If you take a D&D novel and just a sample of random fantasy novels published around the same time, the D&D novel is pretty much always going to come off looking worse. It's actually quite impressive how consistently mediocre-to-terrible D&D merchandised novels have been. The law of averages would normally mean that there would be some pretty good ones in there, but I can't really think of any, and I have to admit, I read a lot of them.

There are some with plots you could steal, but it's like, why bother? It might have made sense back when those novels were, inexplicably, NYT bestsellers back in the '80s and '90s, but much as I may love the ridiculous Azure Bonds, I don't think there'd really be any benefit to using that story (and indeed, it's so weird and convoluted that it wouldn't make much sense).

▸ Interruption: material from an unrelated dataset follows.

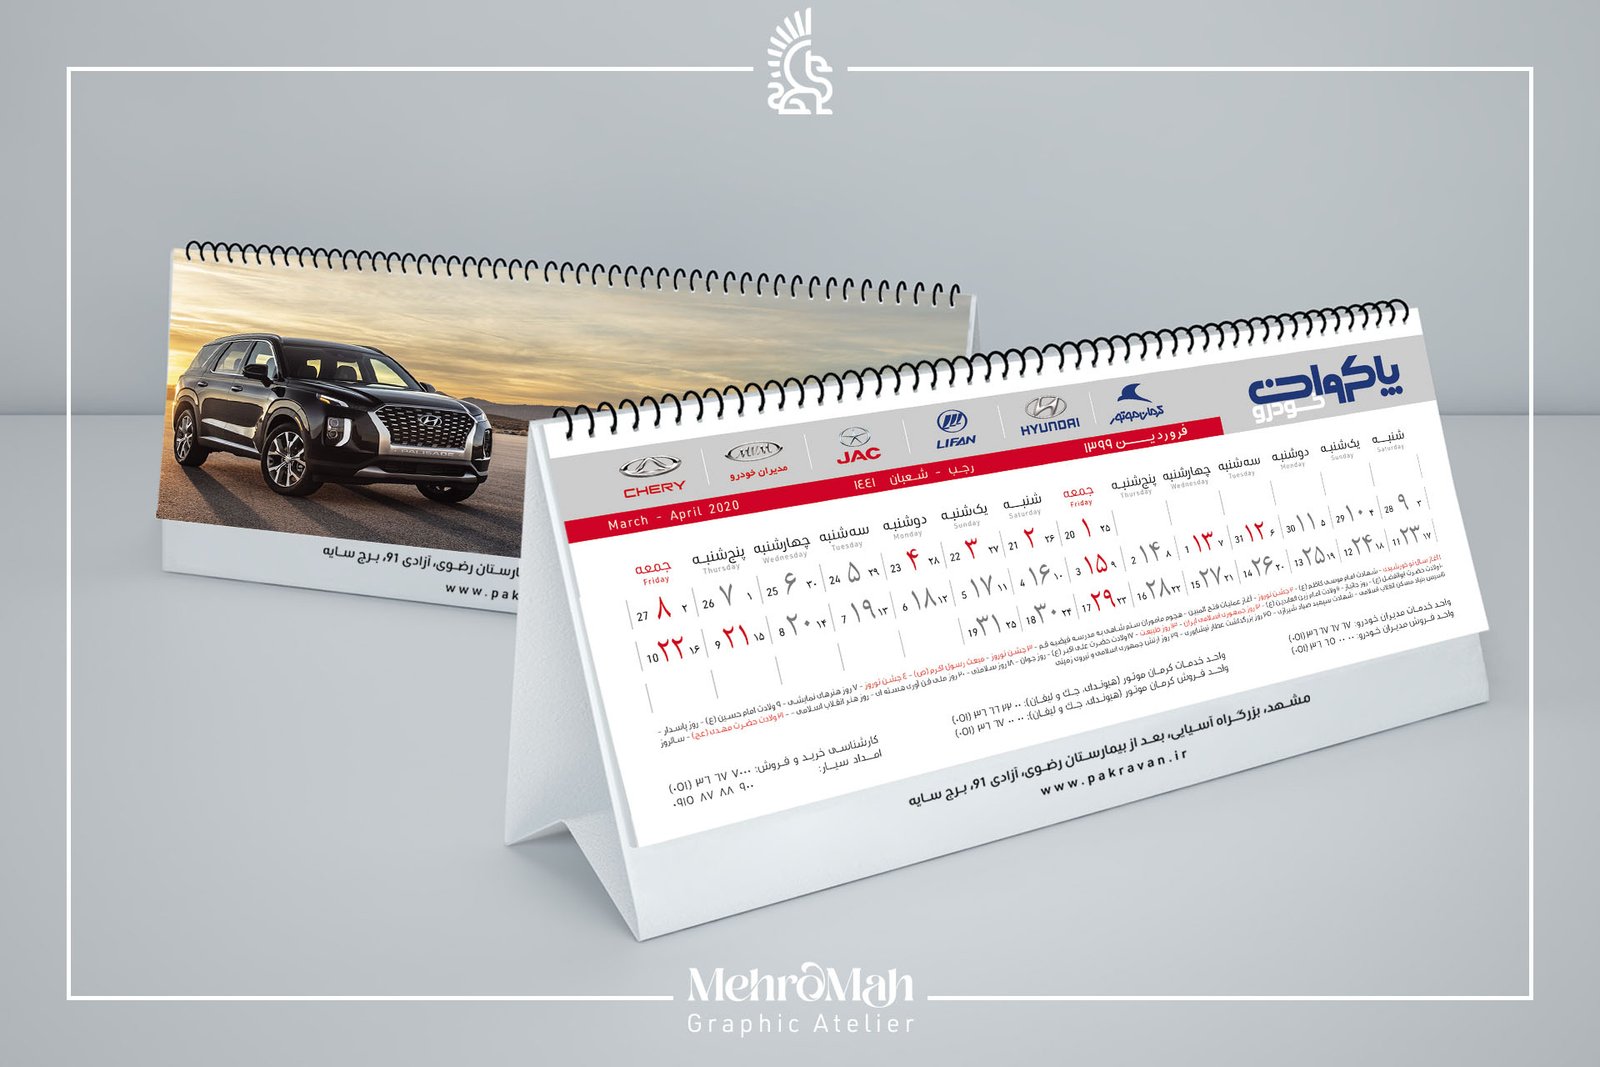 Pakravan Khodro Car Dealer & After-sales Service Desktop Calendar

I think the closest you could get would maybe be Drizzt for the name recognition, but he's a terrible personality-free-zone of a character, his companions are some of the most boring and generic D&D characters to have ever existed (pretty much all of them being stereotypical examples of their kind), and really all he has going for him is a magic panther which would probably cost an awful lot in CGI.
 

Parmandur

Book-Friend
Seriously yeah.

If you take a D&D novel and just a sample of random fantasy novels published around the same time, the D&D novel is pretty much always going to come off looking worse. It's actually quite impressive how consistently mediocre-to-terrible D&D merchandised novels have been. The law of averages would normally mean that there would be some pretty good ones in there, but I can't really think of any, and I have to admit, I read a lot of them.

There are some with plots you could steal, but it's like, why bother? It might have made sense back when those novels were, inexplicably, NYT bestsellers back in the '80s and '90s, but much as I may love the ridiculous Azure Bonds, I don't think there'd really be any benefit to using that story (and indeed, it's so weird and convoluted that it wouldn't make much sense).

I think the closest you could get would maybe be Drizzt for the name recognition, but he's a terrible personality-free-zone of a character, his companions are some of the most boring and generic D&D characters to have ever existed (pretty much all of them being stereotypical examples of their kind), and really all he has going for him is a magic panther which would probably cost an awful lot in CGI.
It's almost as if they were a financial pump and dump loan scheme thst eventually blew up in the publishers face...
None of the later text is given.